In other research, the Brigham investigators evaluated the potential impact of COVID-19 on the pancreas. Due to early reports indicating that a substantial proportion of COVID-19 patients might develop pancreatitis, as assessed by elevated serum lipase levels, the team conducted a study that examined the significance of abnormal pancreatic enzymes among hospitalized patients with COVID-19.

Their retrospective cohort study, published in The American Journal of Gastroenterology, showed that among 71 hospitalized COVID-19 patients, 12 percent developed hyperlipasemia, with only 3 percent over three times more than normal. Acute pancreatitis, as defined by established criteria, wasn’t observed in this cohort of hospitalized patients. As such, Dr. Chan cautions providers not to rely on lab values alone to diagnose these patients.

Examining the Impact of GI Conditions on COVID-19

During the pandemic, Dr. Chan and his team have also studied the impact of other GI conditions on the severity of COVID-19 and outcomes. These include:

  • Inflammatory bowel disease (IBD) and COVID-19: The team and collaborators from Massachusetts General Hospital evaluated the risk of a COVID-19 infection among patients with IBD being treated with systematic immunosuppressive therapy. The cohort study, which was published in Inflammatory Bowel Diseases, confirmed that less than 1 percent of 5,000 patients with IBD developed COVID-19. Moreover, no significant differences were noted between those treated with systematic immunosuppressive therapy and ones who were not. Immunosuppressive therapy wasn’t associated with more severe COVID-19 infection.
  • COVID-19 and cancer: In a study published in The Journal of Clinical Gastroenterology, Brigham researchers assessed the GI manifestations of COVID-19 among patients with active malignancy. Among cancer patients who were hospitalized with COVID-19, 63 percent had at least one new gastrointestinal symptom, with diarrhea, vomiting and anorexia being the most common; 17 percent had severe symptoms. In addition, 33 percent of cancer patients with COVID-19 had elevated liver enzymes at the time of presentation, and patients with raised liver enzymes were more likely to experience GI symptoms.
  • Proton pump inhibitors (PPIs) and COVID-19: Dr. Chan and his team evaluated the potential relationship between PPI exposure and clinical outcomes of hospitalized COVID-19 patients. The study, which was presented at the American College of Gastroenterology (ACG) Annual Meeting and is forthcoming in the journal BMJ Open, showed that PPI use among hospitalized COVID-19 patients was associated with a greater need for mechanical ventilation and increased in-hospital mortality. The study authors note that further research is needed to understand if these findings represent a causal relationship or whether an underlying confounding condition like GERD drove these outcomes.
  • Clostridioides difficile infection (CDI) in COVID-19 patients: In a study presented at the ACG Annual Meeting and forthcoming in the journal JGH Open, Brigham investigators assessed the prevalence and outcome of CDI infection among hospitalized COVID-19 patients. Despite high antibiotics use, COVID-19 patients didn’t have a higher CDI-positive rate compared to historic controls pre-pandemic. However, among hospitalized COVID-19 patients who developed CDI, the in-hospital mortality was significantly increased.

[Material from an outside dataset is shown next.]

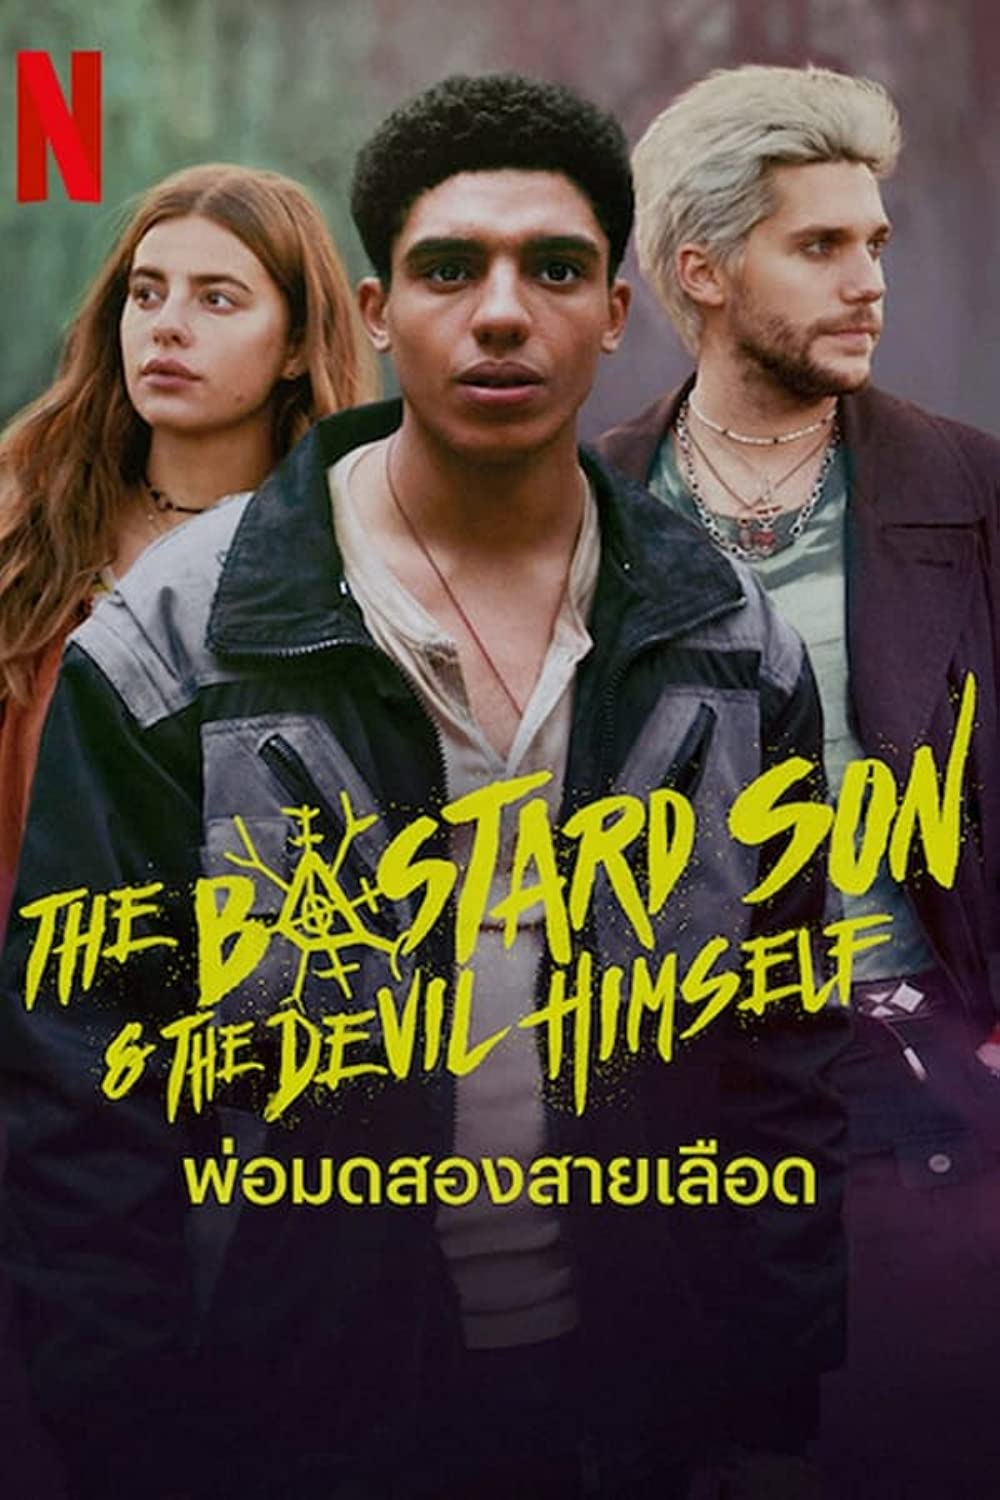 مسلسل The Bastard Son & The Devil Himself الموسم 1 الحلقة 1 مترجمة

Further Research on COVID-19 and the GI System

The Brigham research team is building on their strong research foundation and conducting follow-up studies on the GI manifestations of COVID-19. Like other clinical and basic researchers at the Brigham, Dr. Chan and his colleagues are also exploring the potential long-term health complications of  COVID-19 infection on the GI system. There is still much to learn about the short and long-term effects of COVID-19 and the Brigham is positioned to be at the forefront of discovery.